Yes, There Is HOPE For Fibromyalgia

I have made a lot of friends on some of the Fibromyalgia support groups on-line. I was diagnosed with Fibromyalgia about five years ago. Five years that have crawled at a snail’s pace, going backwards and forwards, up and down, down, down. I wanted to write this blog post for all my fellow Fibromyalgia sufferers and tell you that while there may not be a cure, I have improved.
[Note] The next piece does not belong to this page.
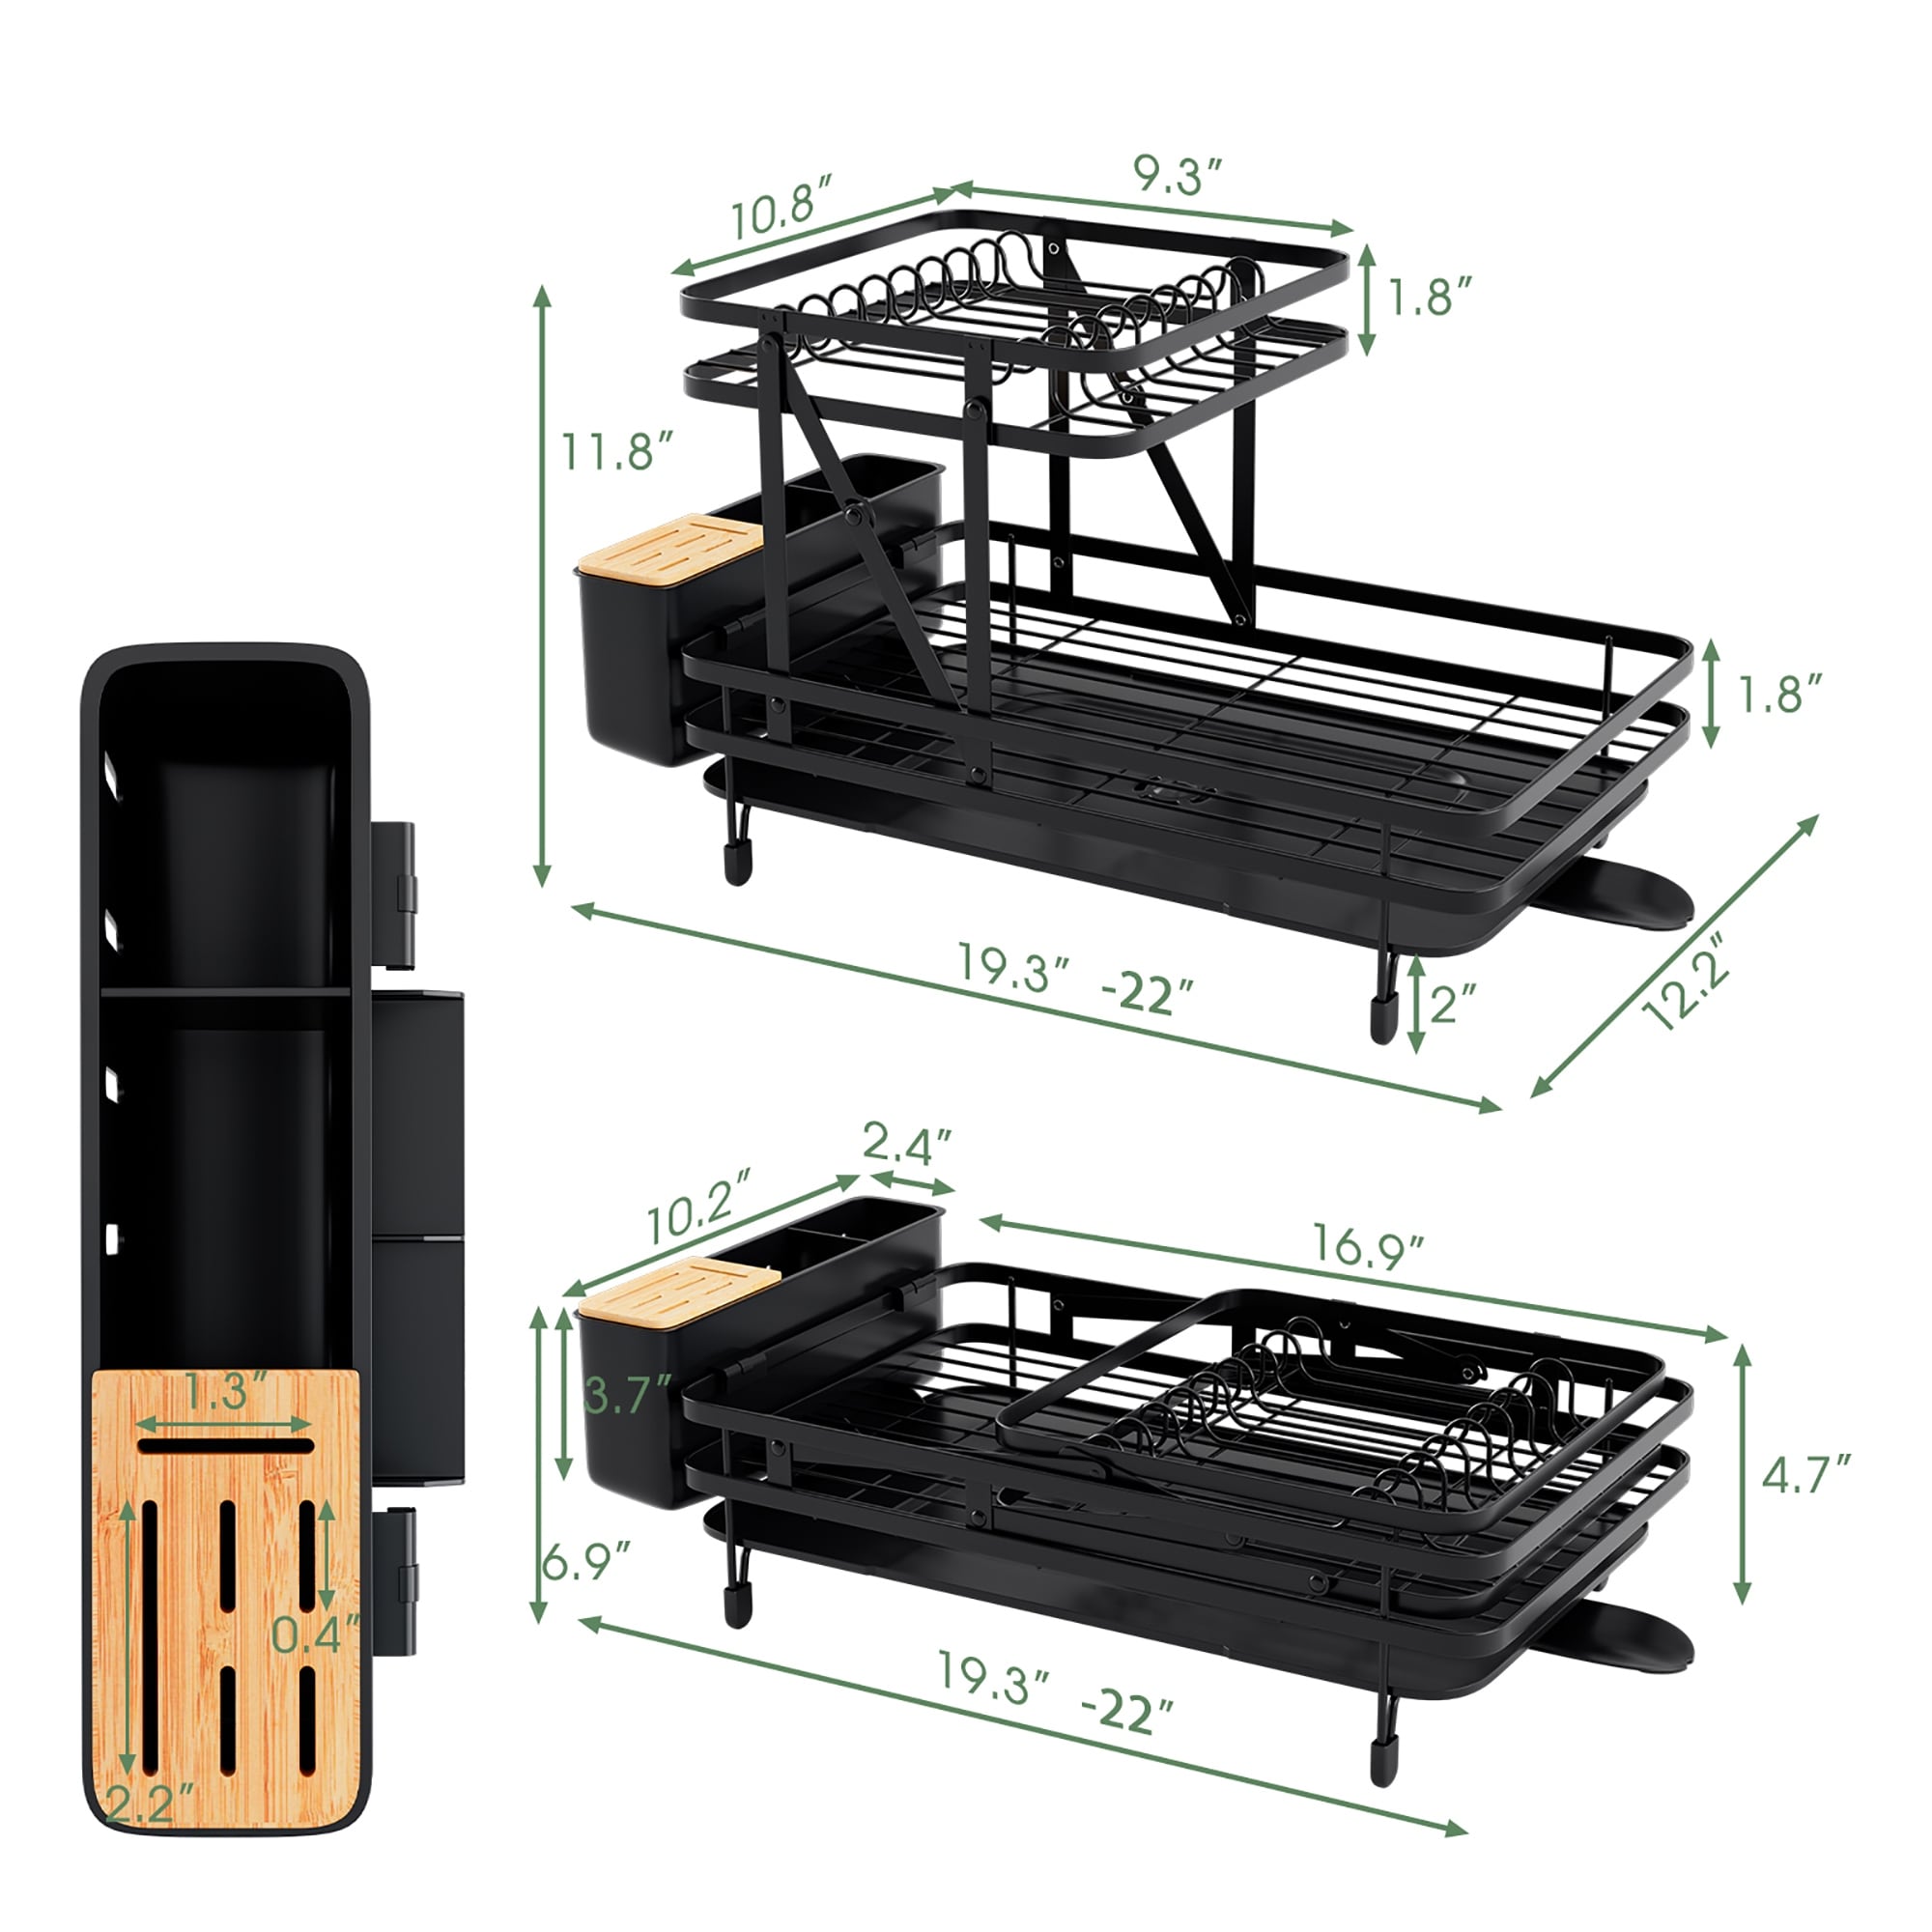 https://ak1.ostkcdn.com/images/products/is/images/direct/14756983451280d5c7ce65c8a5d464d023294105/Costway-Dish-Drying-Rack-Collapsible-2-Tier-Dish-Rack-and-Drainboard.jpg

I never thought I would be able to get out of my bed and get to the bathroom without all the serious, horrendous, stiff, and chronic pain I have had for many years. I never expected perfect, I don’t now, but I do know improvement and I have improved. I almost want to cross my fingers while typing this so I don’t “Jinx” myself, I’m sure all of you can relate to what I am talking about.

I will always have good days and bad days, that is a realization I have accepted. I have taken, in the past, probably about thirty different medications in different combinations and this is the fourth Rheumatologist I have seen (and will continue to see.) While your Doctor does NOT have to be your best friend, you should feel that he/she believes in you AND in Fibromyalgia as a chronic pain disease. That’s very important. The Rheumatologist I went to before this called Fibromyalgia a “lazy diagnosis” and attempted to treat my pain with dangerous immunosuppresant drugs that made me sick as a dog for months at a time. He did this because combined with Fibromyalgia, I also have an auto-immune disease called Hashimoto’s Thyroiditis. I didn’t know better so I followed his advice and took seriously harmful drugs at a dosage that should never have been prescribed. This old Doctor was a genius, but not in Fibromyalgia and not in being pleasant and understanding. As my present Doctor put it referring to my old doctor “it’s his way or the highway.” Don’t accept that.

I am now on a combination of drugs that not only treat my symptoms but also have treated my energy levels. I am NOT running any marathons, believe me and I have flare-ups that still can make me cry, but overall, at least on some days I am better. Please, do not give up hope, do whatever you have to do to find a good Rheumatologist and only a Rhematologist that believes in you and the disease. One where you feel that he/she really wants you to get better and that they truly do care. Don’t settle for less.

We all deserve better and I just wanted to say to all my on-line friends (Hi Graceful Agony Ladies, Chronic Babes, ohmyachesandpains, etc.) please don’t give up and thank you for always being there for me; I love you all.  To friends that are new or newly diagnosed I NEVER  thought I would feel any better and now I do. How long will it last? I have no idea. I have accepted my limitations, I accept that I will have bad days as well as good but I can say for sure, that compared to how I felt five years ago, I am better. My attitude is better too.

If anyone is interested in which drugs work for ME, I would be happy to tell you. Don’t give up, I almost did. If you are new to this and don’t know how you are feeling or if you are feeling mad and angry and sorry for yourself; go ahead, you deserve it. Been there, done that and try to stay in the present, not the past or the future. As my dad used to say to me “Be in Neutral.” It’s a life lesson from my dad that has stayed with me, try it, it might help you too.